= Cynthia Stokes Brown =

American educator and historian (1938–2017)

Cynthia Stokes Brown (March 20, 1938 – October 15, 2017) was an American educator and historian.

==Background==
She earned her BA at Duke University in history (summa cum laude) and her M.A.T. and Ph.D. from Johns Hopkins University in the history of education with fellowships from the American Association of University Women and the Woodrow Wilson National Fellowship Foundation. After teaching tenth-grade world history for two years and living in northeast Brazil for two years with the Peace Corps, Brown directed the single-subject credential program at Dominican University of California at San Rafael from 1982 to 1992. She taught full-time in both the history and education departments until 2001, when she retired from full-time teaching to write Big History: From the Big Bang to the Present. Using the term Big History, coined by David Christian at Macquarie University in Sydney, Australia, Brown told the whole story from the Big Bang to the present in simple, non-academic language to convey our common humanity and our connection to every other part of the natural world. Teaching part-time after 2001, Brown pioneered the teaching of Big History at Dominican University of California, where it is now a required course for every incoming freshman. She served as a founding board member of the International Big History Association (IBHA). Brown died of pancreatic cancer on October 15, 2017, at her home Berkeley, California, surrounded by family.

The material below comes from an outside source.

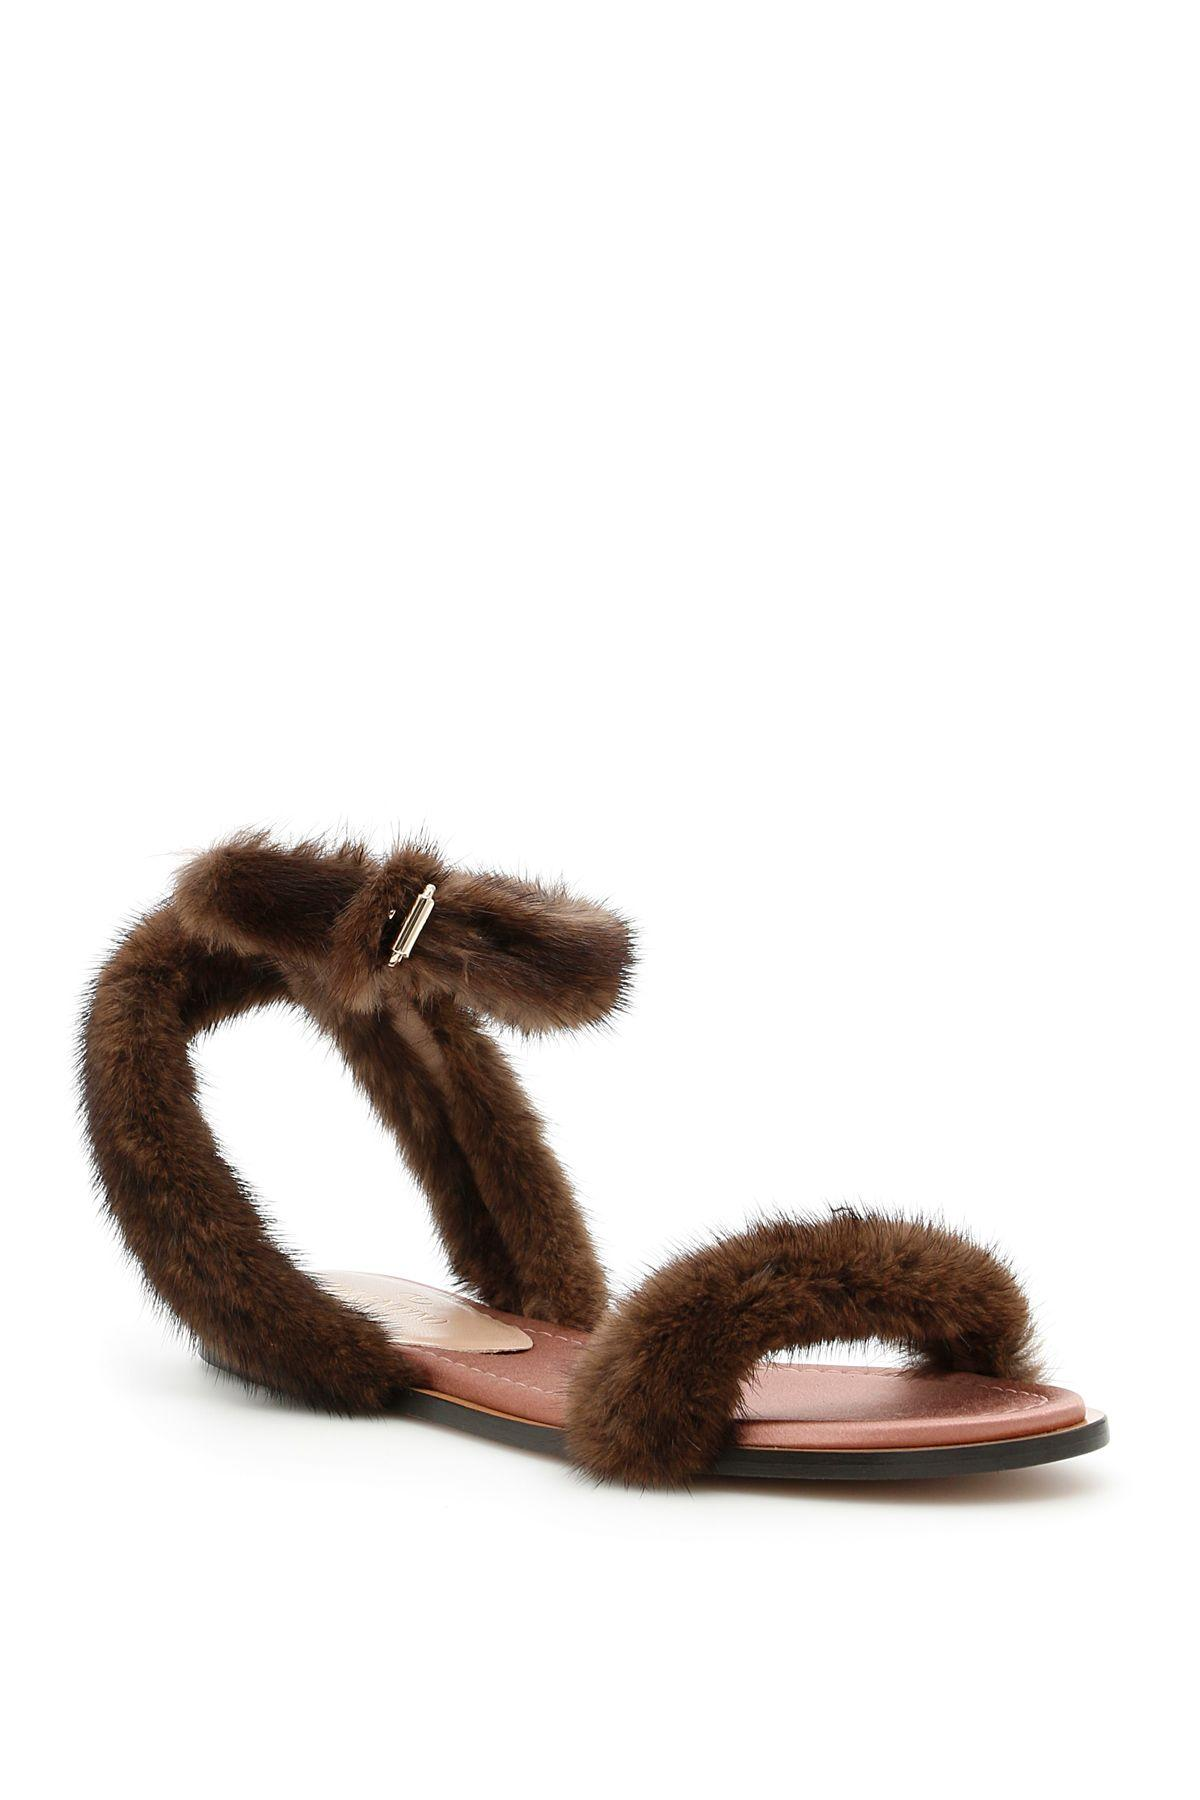 a951e39e628a Valentino Mink Fur Sandals In Visone Lipstick

Brown was an American Book Award recipient in 1987 for Ready From Within: Septima Clark and the Civil Rights Movement.

==Writings==
- Big History, Small World: From the Big Bang to You. Great Barrington, MA: Berkshire Publishing Group, 2017.
- Refusing Racism: White Allies and the Struggle for Civil Rights. New York: Teachers College Press, 2001.
- Connecting With the Past: History Workshop in Middle and High Schools. Portsmouth, NH: Heinemann, 1994.
- Like It Was: A Complete Guide to Writing Oral History. New York: Teachers and Writers Collaborative, 1988.
- Ready From Within: Septima Clark and the Civil Rights Movement. Navarro, CA: Wild Trees Press, 1986. (American Book Award, 1987); re-issued by Africa World Press, 1990.
- Literacy in 30 Hours: Paulo Freire's Process in Northeast Brazil. London: Writers and Readers Publishing Cooperative, 1975.
- Article: "What Is a Civilization, Anyway?"